(jm)
Vor zwei Tagen hat der Verein »Reporter ohne Grenzen« (ROG) zum zehnten Mal seine internationale »Rangliste der Pressefreiheit« veröffentlicht. Die jährliche Rangliste schätzt die weltweite Lage der Presse- und Medienfreiheit eines Landes auf einer Punkteskala ein.
In seiner aktuellen Dokumentation für 2011 vergleicht ROG die Situation der Medien in 179 Staaten und Regionen im Betrachtungszeitraum vom 1. Dezember 2010 bis zum 30. November 2011. Die Rangliste versucht den Grad der presserechtlichen Freiheit wiederzugeben, den Journalisten und Medien in den einzelnen Ländern genießen, und bewertet die Bemühungen der jeweiligen Staaten, unabhängige Berichterstattung zu respektieren und die freie Arbeit von Journalisten sicherzustellen. Somit ist die Rangliste weder ein Indikator für die Qualität der Berichterstattung im jeweiligen Land noch ist sie als streng wissenschaftliche, repräsentative Umfrage angelegt. Sie erfasst methodisch reduktiv – anhand von insgesamt 44 quantitativen und qualitativen Kriterien – auch ausschließlich nur die Presserechtsverletzungen eines Landes, keine allgemeinen Menschenrechtsverletzungen.

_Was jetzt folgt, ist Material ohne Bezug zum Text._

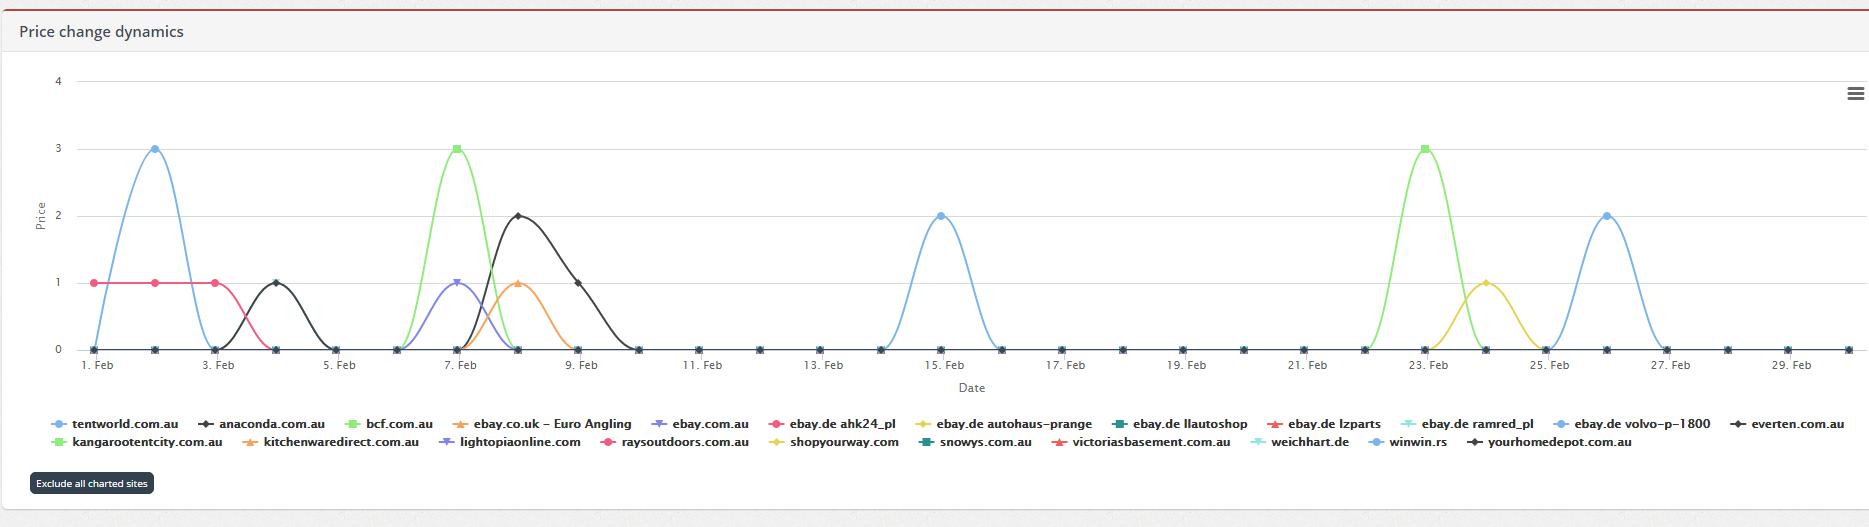 new chart price change dynamics

Nach Einschätzung von ROG verbesserte sich Deutschland gegenüber dem Vorjahr von Platz 17 auf Platz 16 und nimmt damit »weiterhin eine stabile Mittelposition in der EU ein«. Schwierig seien, so ROG, in Deutschland insbesondere »der Zugang zu Behördeninformationen sowie der Schutz von Quellen und Informanten«. In Deutschland habe die Justiz »noch nicht endgültig darauf verzichtet, undichte Stellen in staatlichen Apparaten („Whistleblower“) zu ermitteln.«
Mit anderen Worten: Um beispielsweise den Behördenmitarbeiter, der Missstände im staatlichen Apparat an die Öffentlichkeit gibt, identifizieren und wegen »Geheimnisverrat« verurteilen zu können, hängt man dem Journalisten, der aus solch geheimen Informantenquellen berichtet, vorübergehend durchaus mal ermittlungstaktisch ein Strafverfahren wegen vermeintlicher »Beihilfe zum Geheimnisverrat« an.

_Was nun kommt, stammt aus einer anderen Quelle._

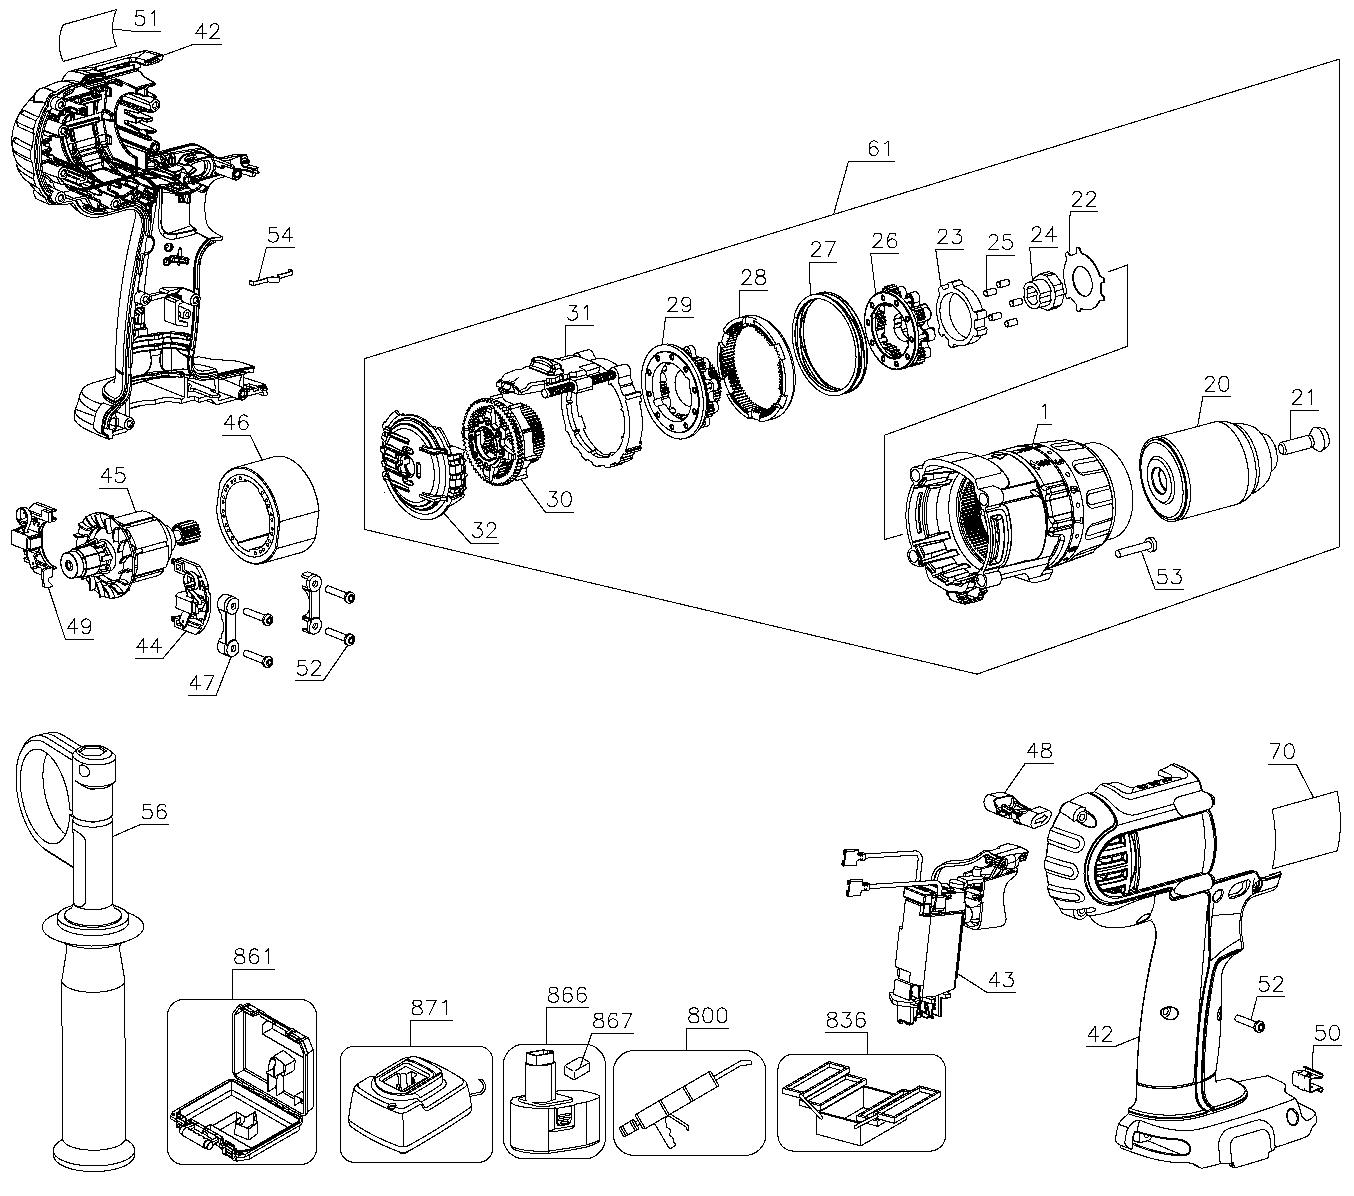 [DIAGRAM_1JK]  EV_0879] De Walt Power Tool Wiring Diagrams Schematic Wiring | De Walt Power Tool Wiring Diagrams |  | None Inki Isra Mohammedshrine Librar Wiring 101

Wie im Vorjahr führt Finnland [1] die ROG-Rangliste als Positivbeispiel an, während Nordkorea [178] und Eritrea [179] das Schlusslicht bilden. Interessante Einblicke in die presserechtliche und journalistische Situation Nordkoreas bietet aktuell ergänzend der launige NZZ-Online-Artikel »Der „Geliebte Führer“ war auch Journalismus-Dozent«.
Relativ charmant nimmt es sich da doch aus – und deshalb belegt Deutschland ja immerhin Rang 16 –, dass beispielsweise Bundespräsident Christian Wulff nach einem seiner gescheiterten Versuche, bereits im vergangenen Jahr unliebsame Berichterstattung wohlmeinend unterbinden zu wollen, »eine neue Art der Qualitätssicherung, quasi eine ISO-Norm für den Journalismus« angeregt hatte – wobei vermutlich die fein ziselierten Sprachregelungen der präsidialen Public-Relations-Berater den deutschlandeinheitlich einzuhaltenden Maßstab für »Qualitätsjournalismus« vorgegeben hätten.